This seems like a very basic question that I should know the answer to, but in my image processing class, my teacher explained that a basis set of images(matrices) are orthonormal. He said that the DOT product between two basis images (in this case two 2x2 matrices) is 0. so, for example \begin{equation} \begin{bmatrix} a & b\\ c & d \end{bmatrix} \cdot \begin{bmatrix} e & f\\ g & h \end{bmatrix} =0 \end{equation} I don't understand how this can be. I always thought it gave another matrix, and not a direct value: \begin{equation} \begin{bmatrix} a & b\\ c & d \end{bmatrix} \cdot \begin{bmatrix} e & f\\ g & h \end{bmatrix} = \begin{bmatrix} ae+bg & af+bh\\ ce+dg & cf+dh \end{bmatrix} \end{equation} Can someone help me out? It would be unbelieveably helpful, Thanks! Owen.
The only possibility I can think of is to take a 2x2 matrix and write it out in the form ##a e_{11} + b e_{12} + c e_{21} + d e_{22}##, ie as a four dimensional vector space.
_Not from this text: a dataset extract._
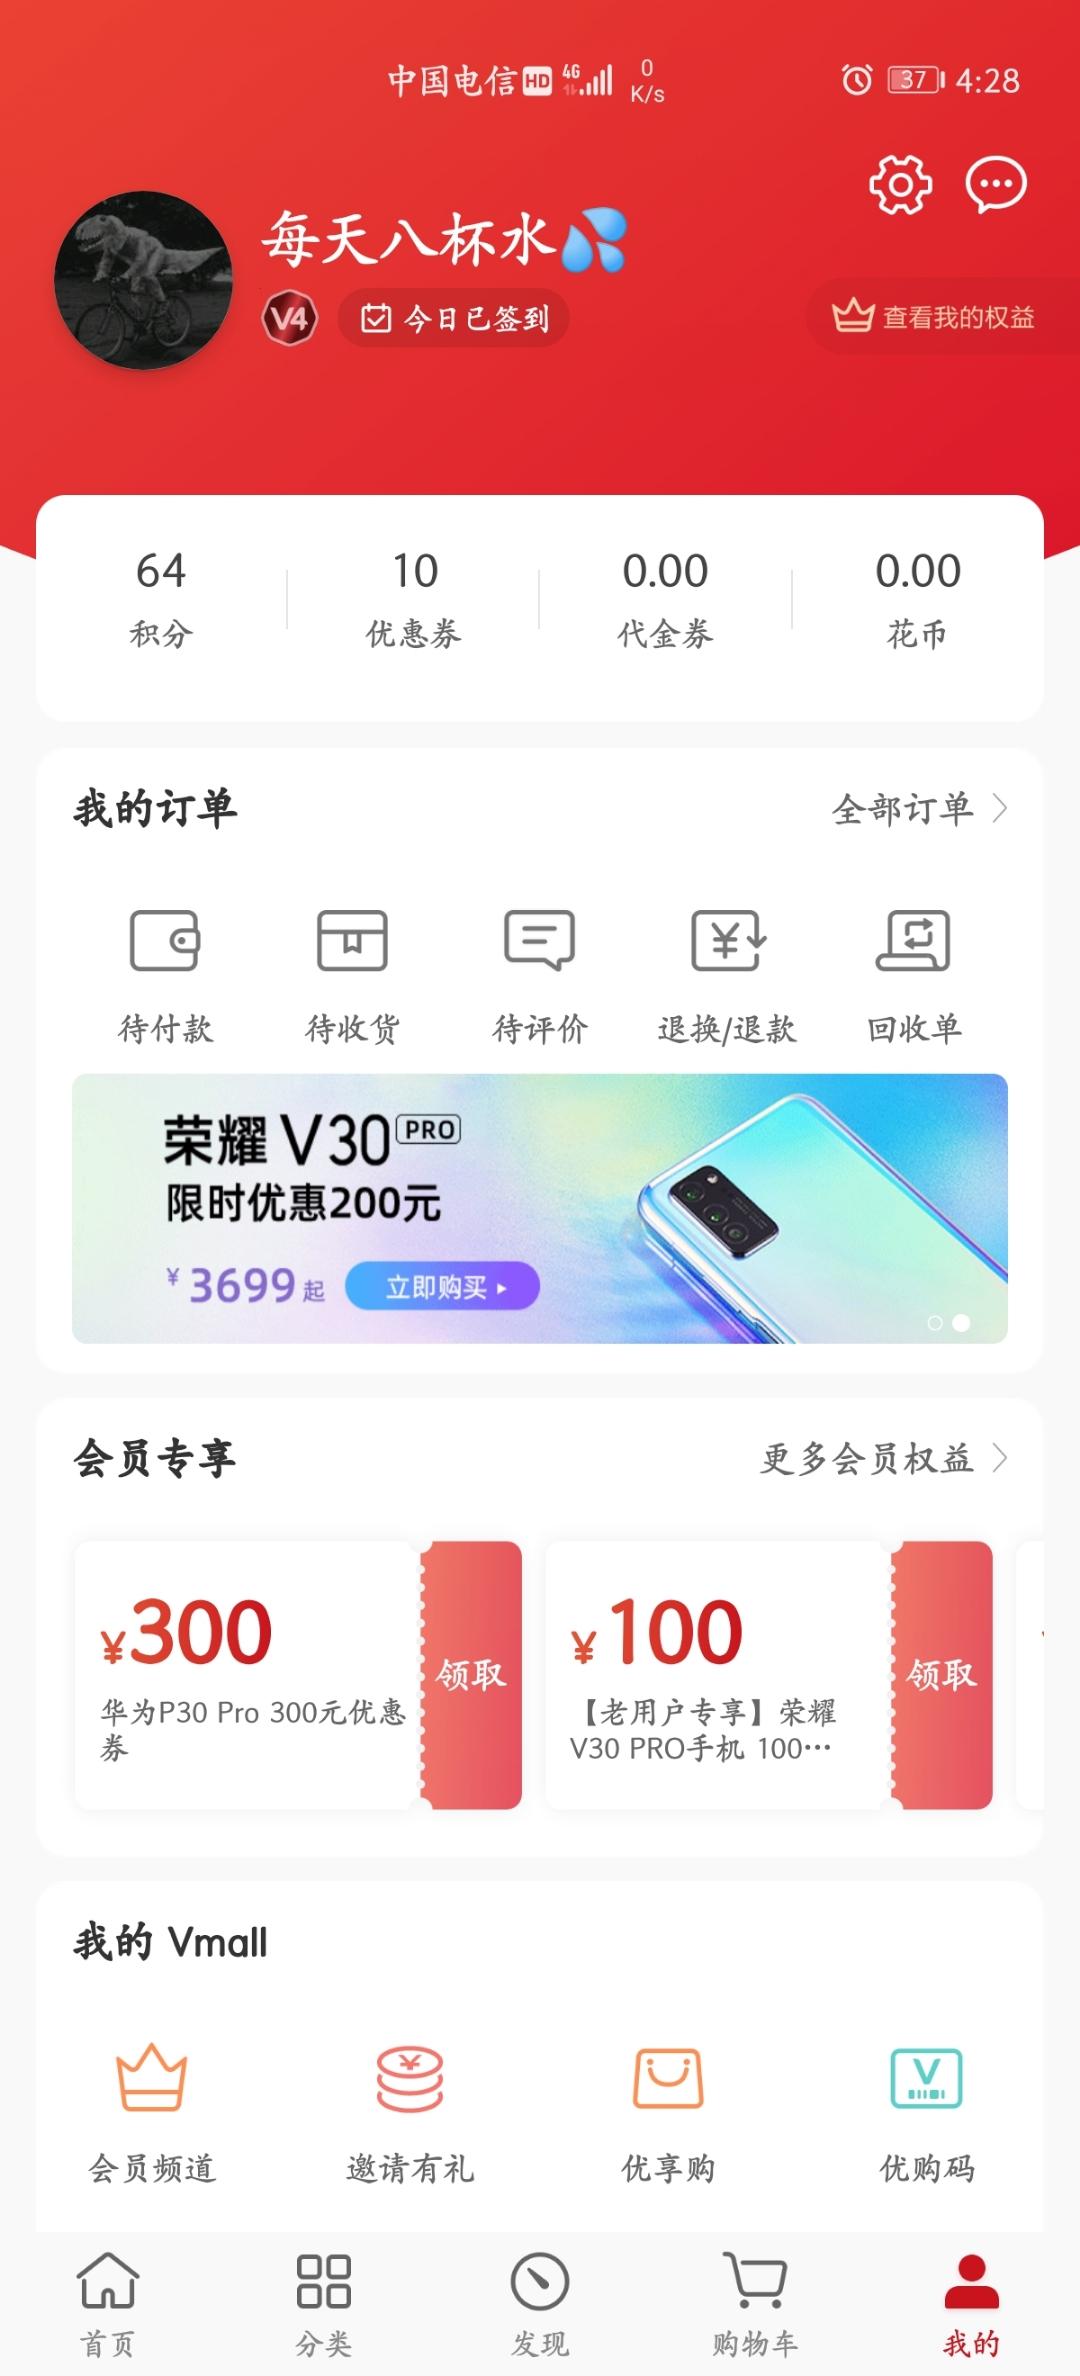 Screenshot_20200510_162834_com.vmall.client.jpg

Then the e's form an orthonormal basis.
That's the matrix product, not the dot product. A dot product (inner product) is a scalar. Always. For matrices, the typical definition of the dot product is the Frobenius inner product. Simply compute as if the matrix was a vector. For real matrices, \begin{equation} A\cdot B \equiv \sum_i \sum_j A_{ij} B_{ij} \end{equation} For your pair of 2x2 matrices, \begin{equation} \begin{bmatrix} a & b\\ c & d \end{bmatrix} \cdot \begin{bmatrix} e & f\\ g & h \end{bmatrix} = ae + bf + cg + dh\end{equation}